§ MATERIAL PROVIDED:
* * * * * * *
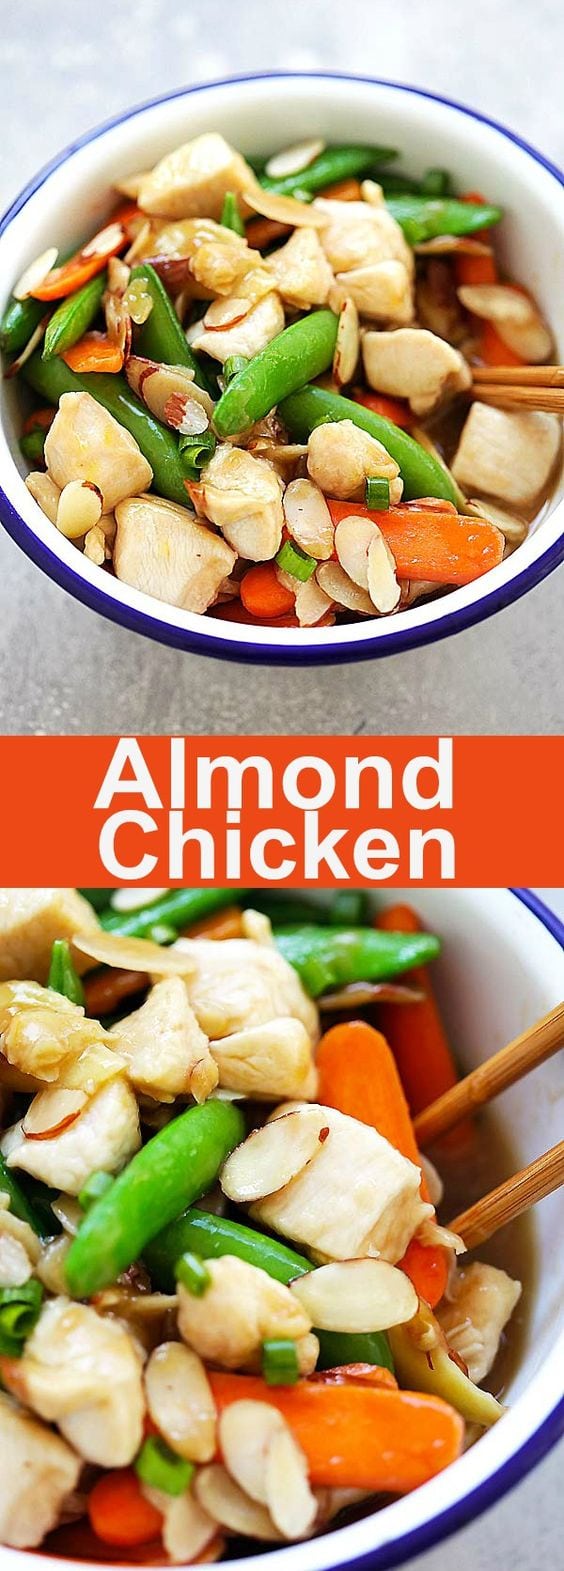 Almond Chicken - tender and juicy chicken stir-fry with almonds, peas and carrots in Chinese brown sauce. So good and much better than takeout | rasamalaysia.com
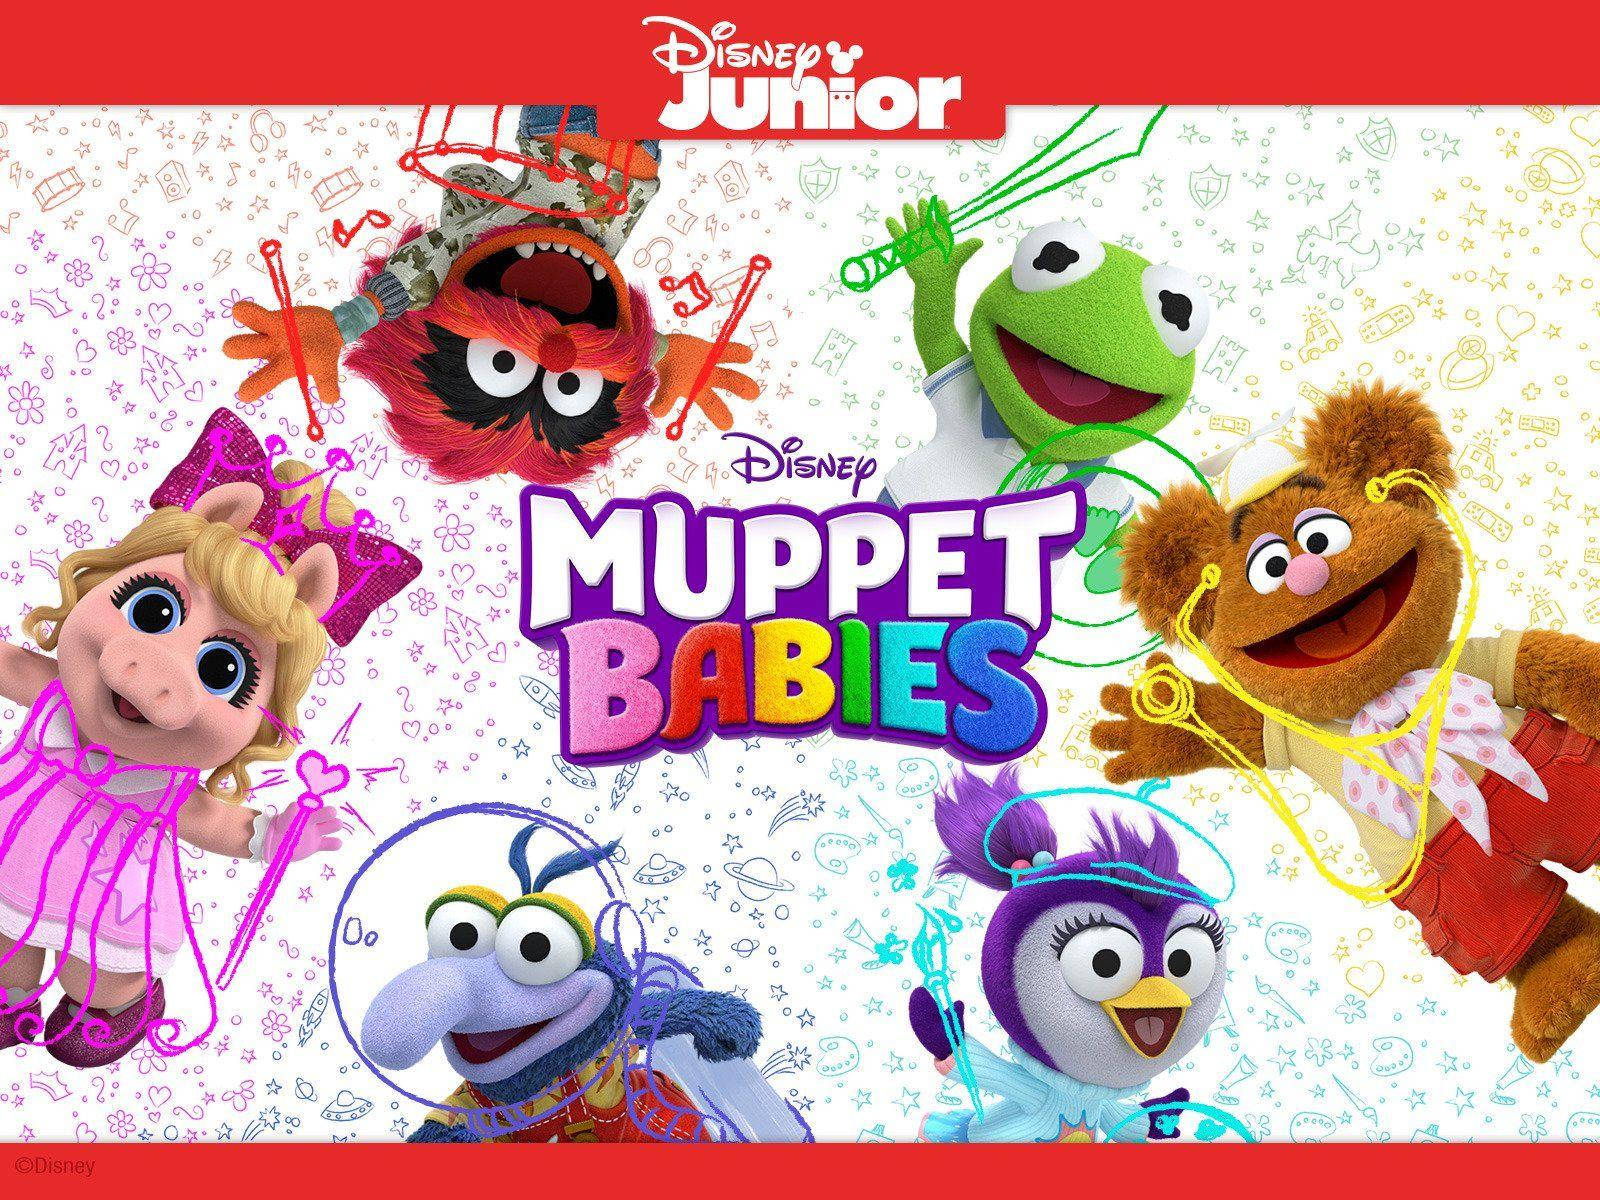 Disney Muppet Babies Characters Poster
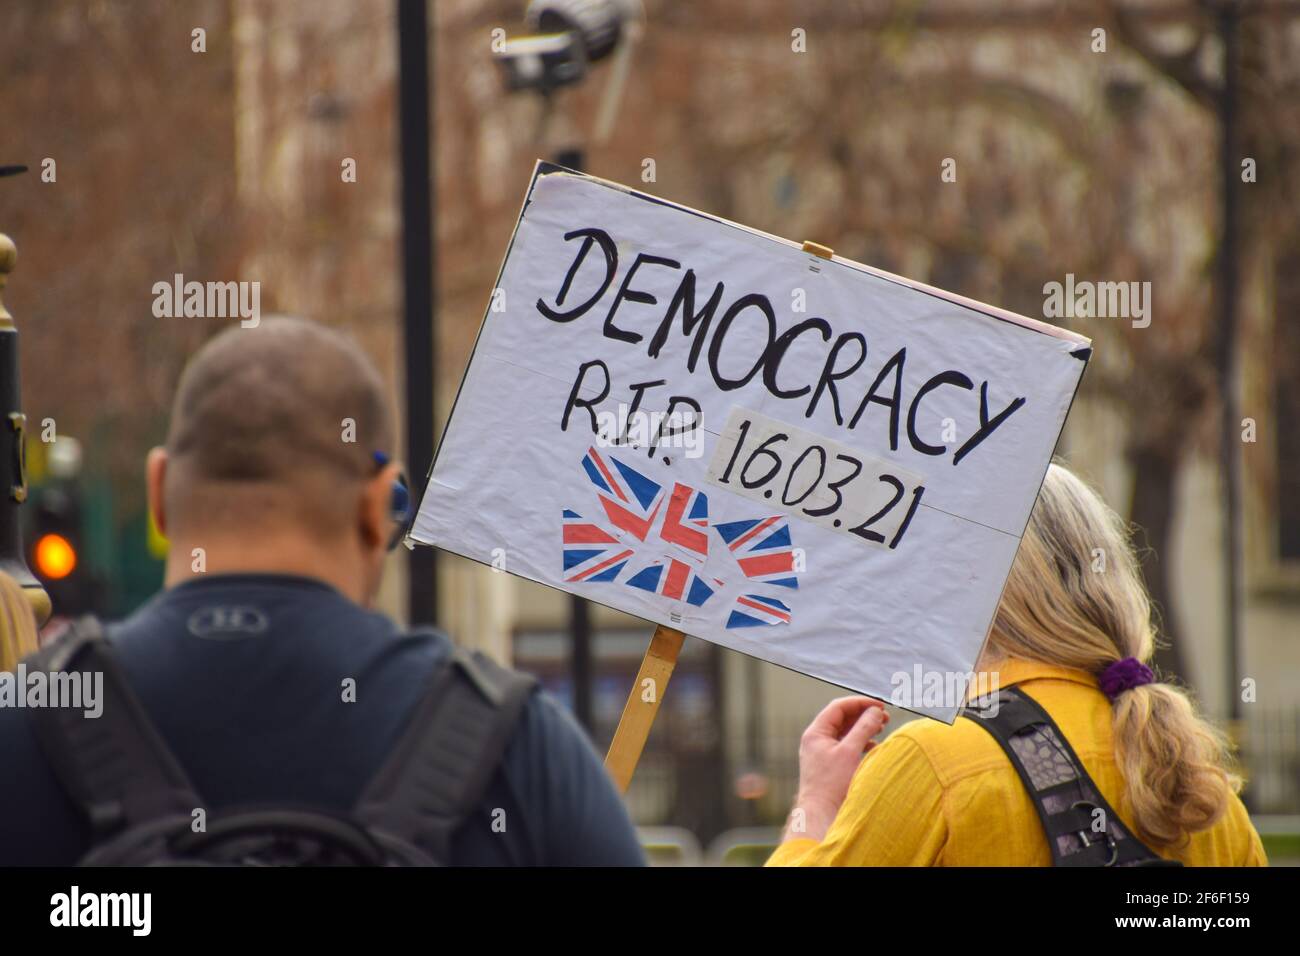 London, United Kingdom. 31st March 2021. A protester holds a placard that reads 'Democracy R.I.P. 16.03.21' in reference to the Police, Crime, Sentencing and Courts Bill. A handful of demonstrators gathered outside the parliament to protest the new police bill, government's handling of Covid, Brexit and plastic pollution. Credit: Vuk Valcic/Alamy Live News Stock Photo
* * * * * * *
§ WORK INSTRUCTIONS:
Please print the data above once more, exactly as it appears, with no pictures.

§ ANSWER SECTION:
 Almond Chicken - tender and juicy chicken stir-fry with almonds, peas and carrots in Chinese brown sauce. So good and much better than takeout | rasamalaysia.com
 Disney Muppet Babies Characters Poster
 London, United Kingdom. 31st March 2021. A protester holds a placard that reads 'Democracy R.I.P. 16.03.21' in reference to the Police, Crime, Sentencing and Courts Bill. A handful of demonstrators gathered outside the parliament to protest the new police bill, government's handling of Covid, Brexit and plastic pollution. Credit: Vuk Valcic/Alamy Live News Stock Photo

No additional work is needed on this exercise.